## Exercise goal
Write the data out in full and word for word. Do not include images.

## Stored data
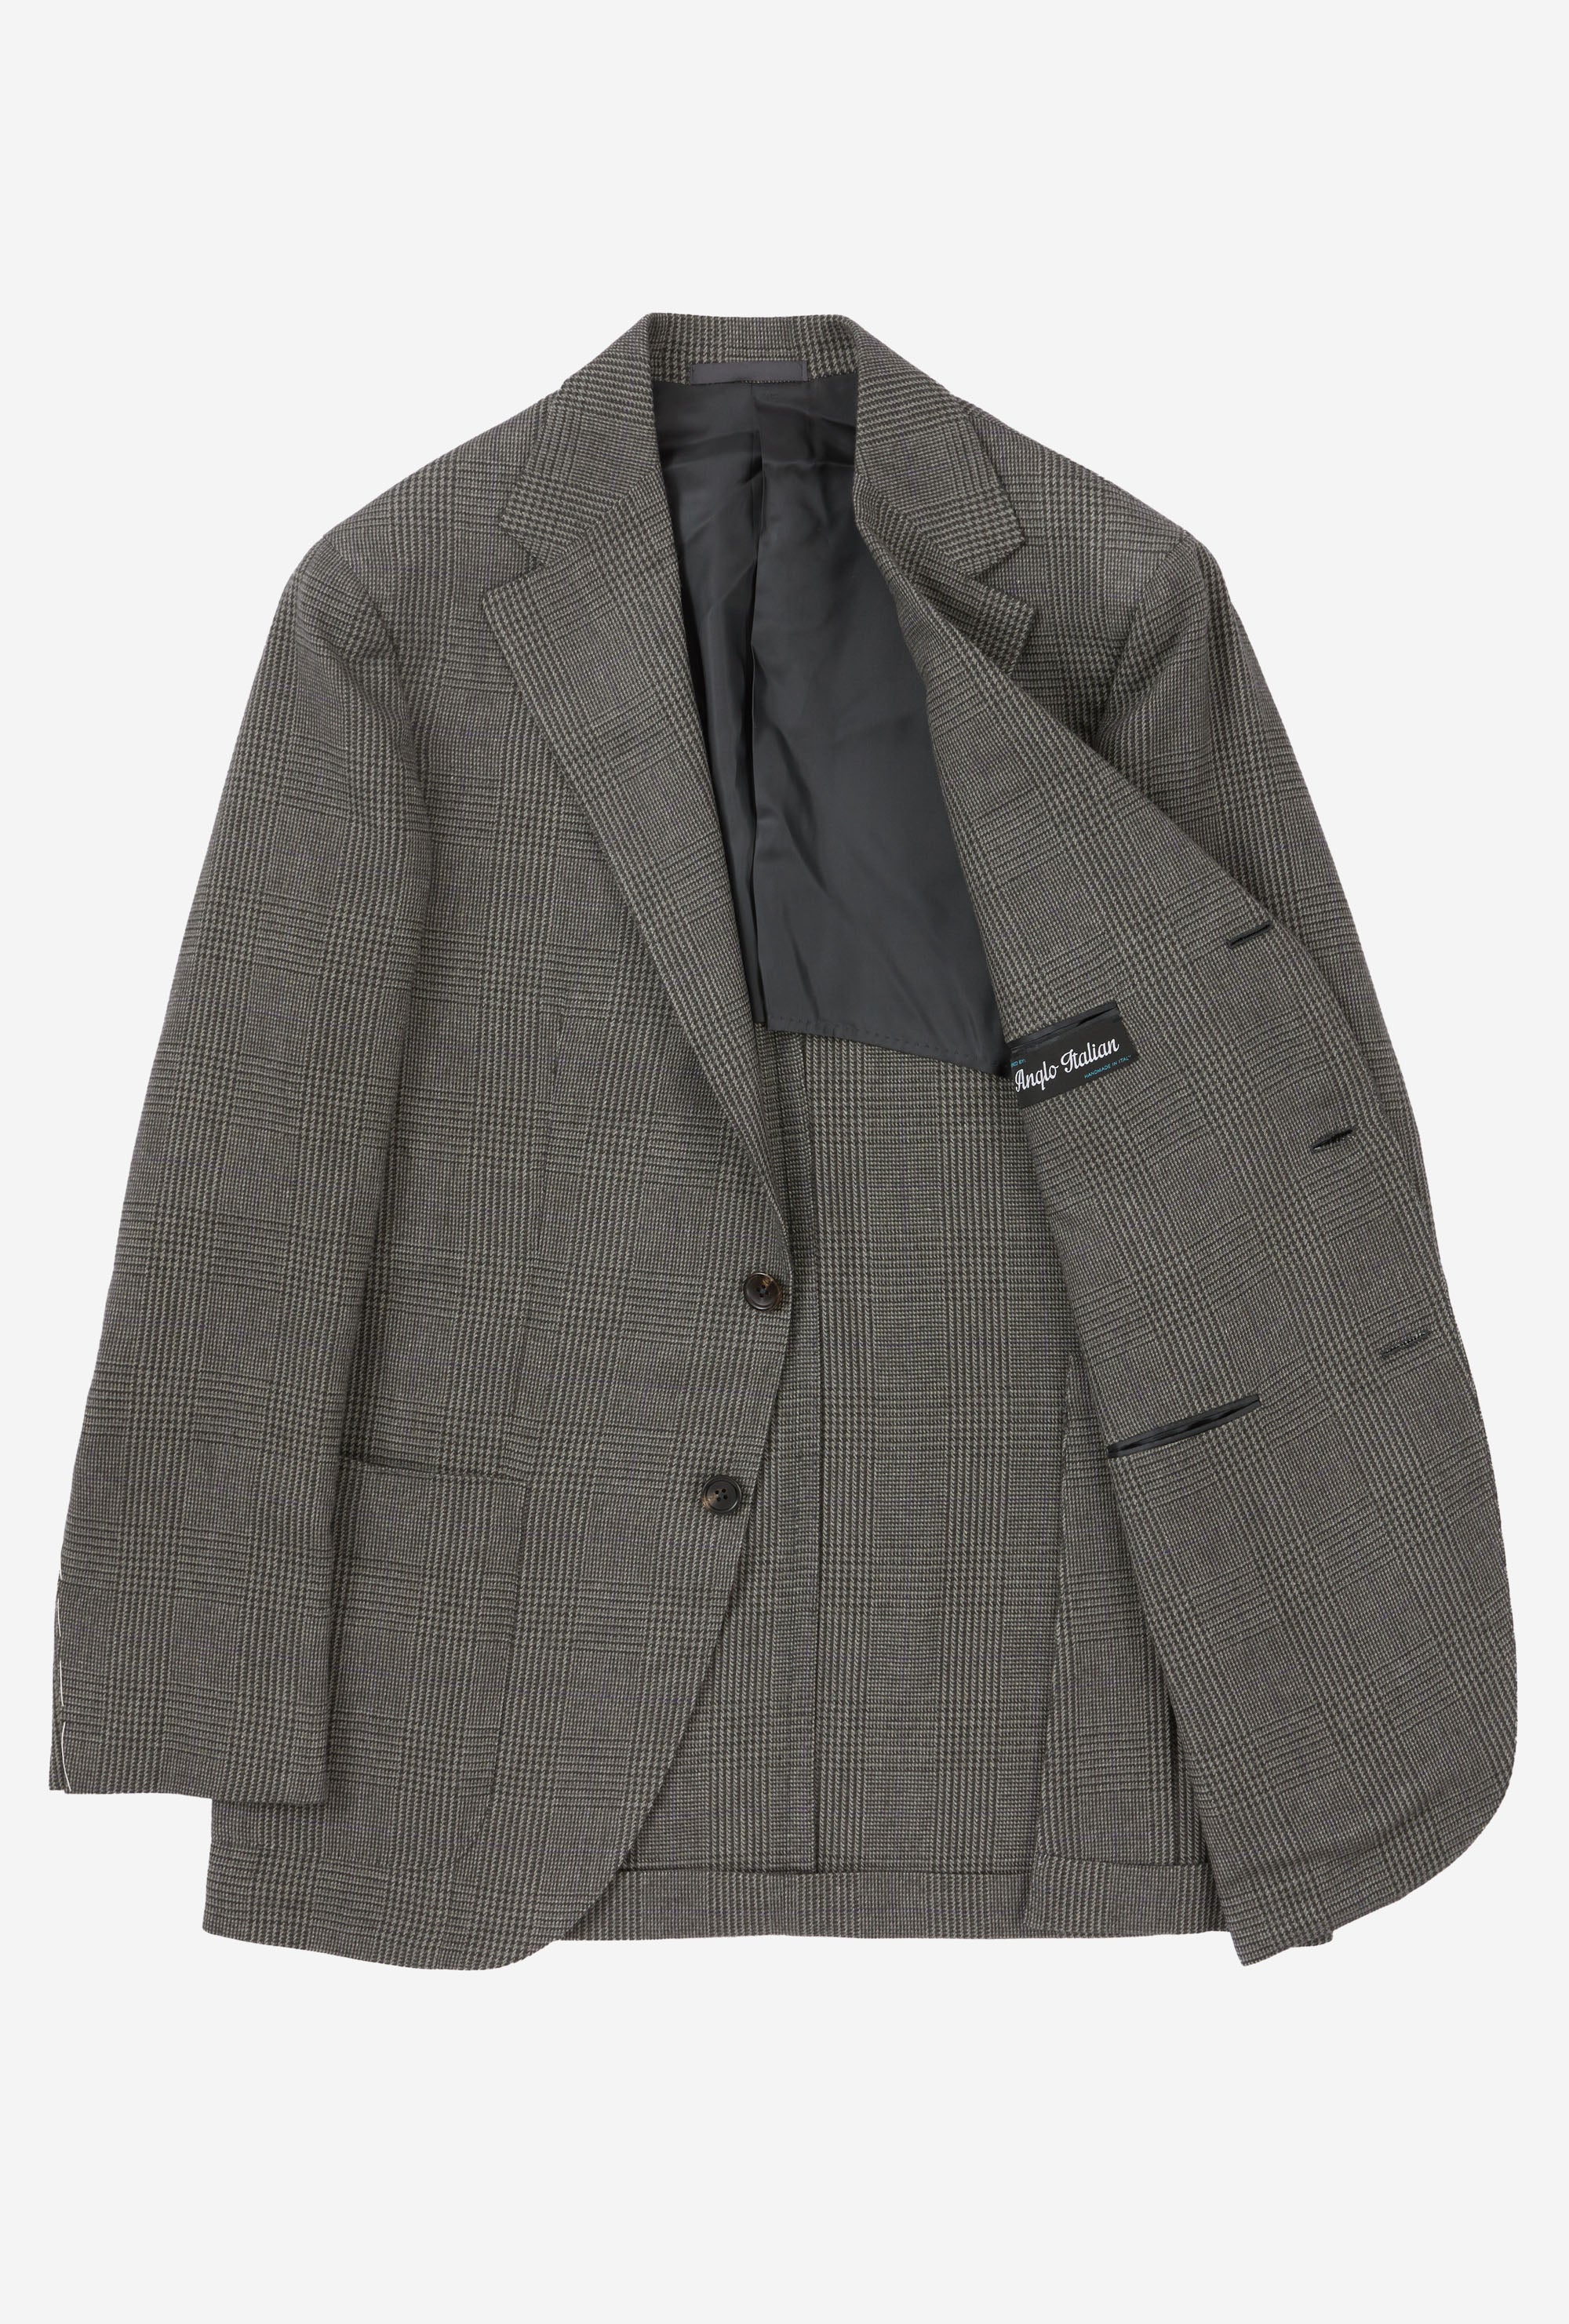 Sport Jacket Wool Glen Plaid Grey Purple Overcheck
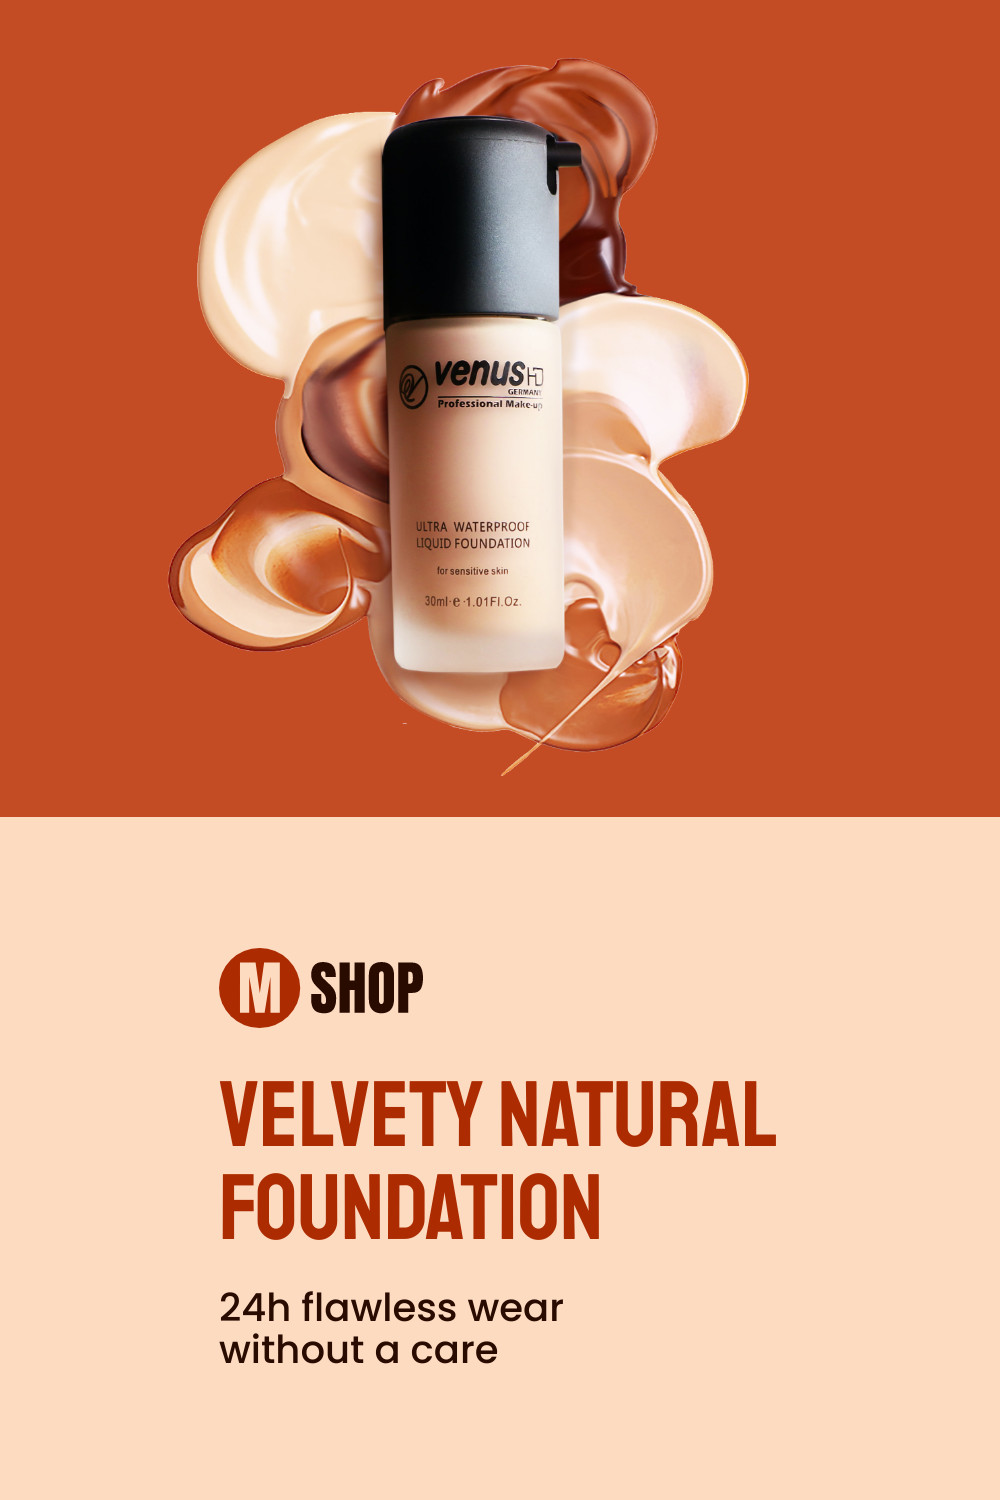 Velvety Natural Foundation
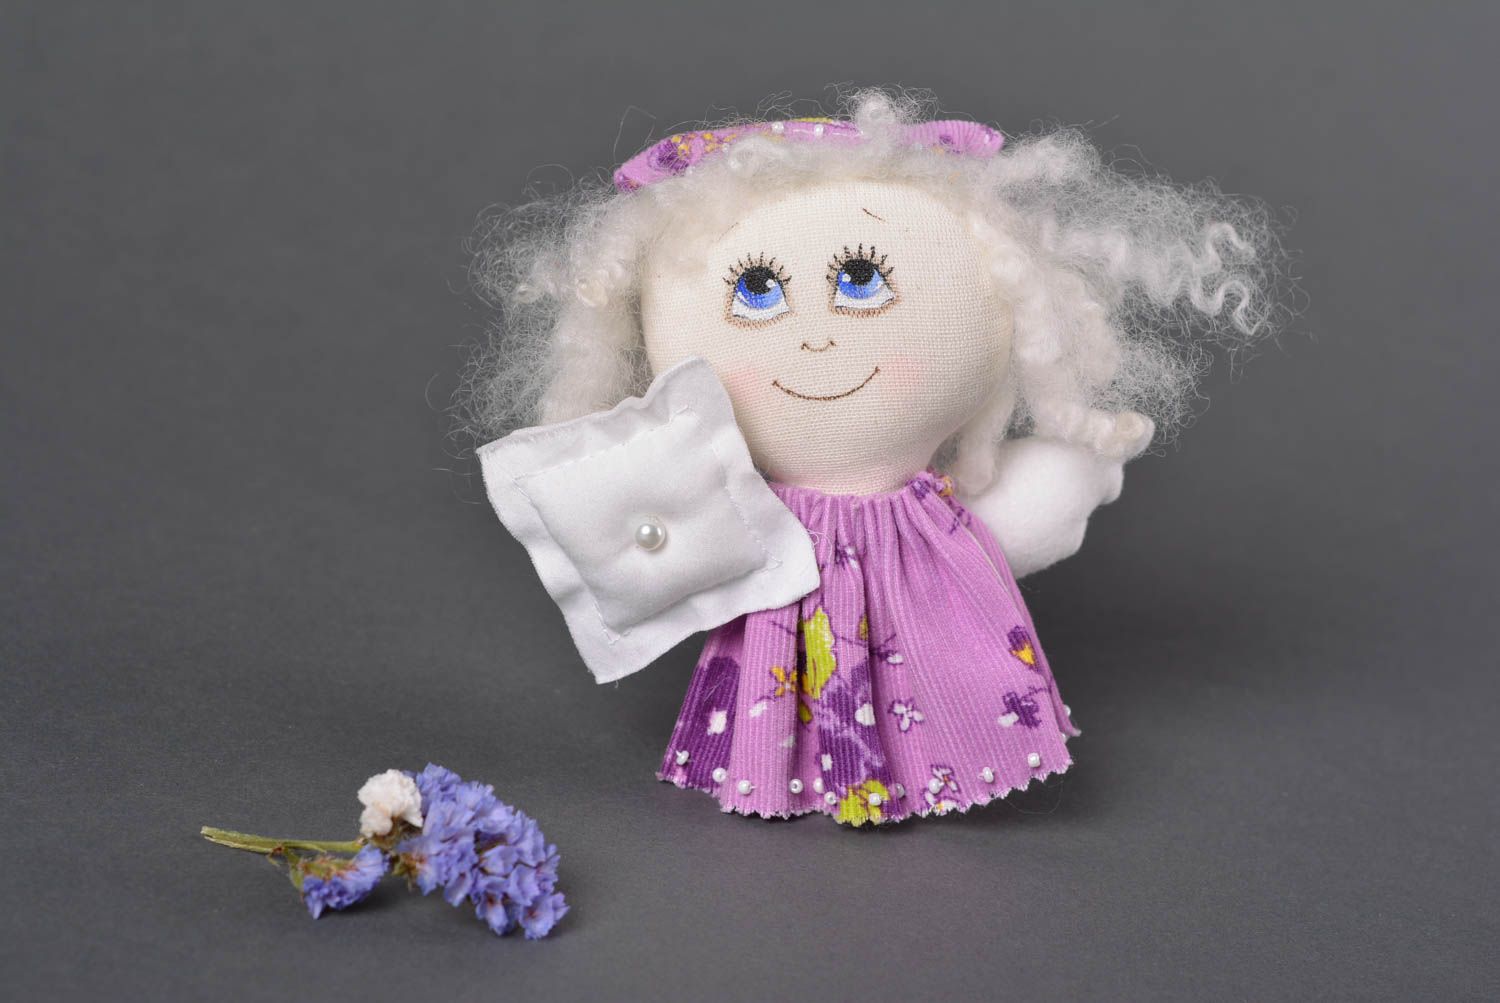 Handmade doll designer doll unusual doll for nursery decor interior toy photo 1

## Response to this exercise
 Sport Jacket Wool Glen Plaid Grey Purple Overcheck
 Velvety Natural Foundation
 Handmade doll designer doll unusual doll for nursery decor interior toy photo 1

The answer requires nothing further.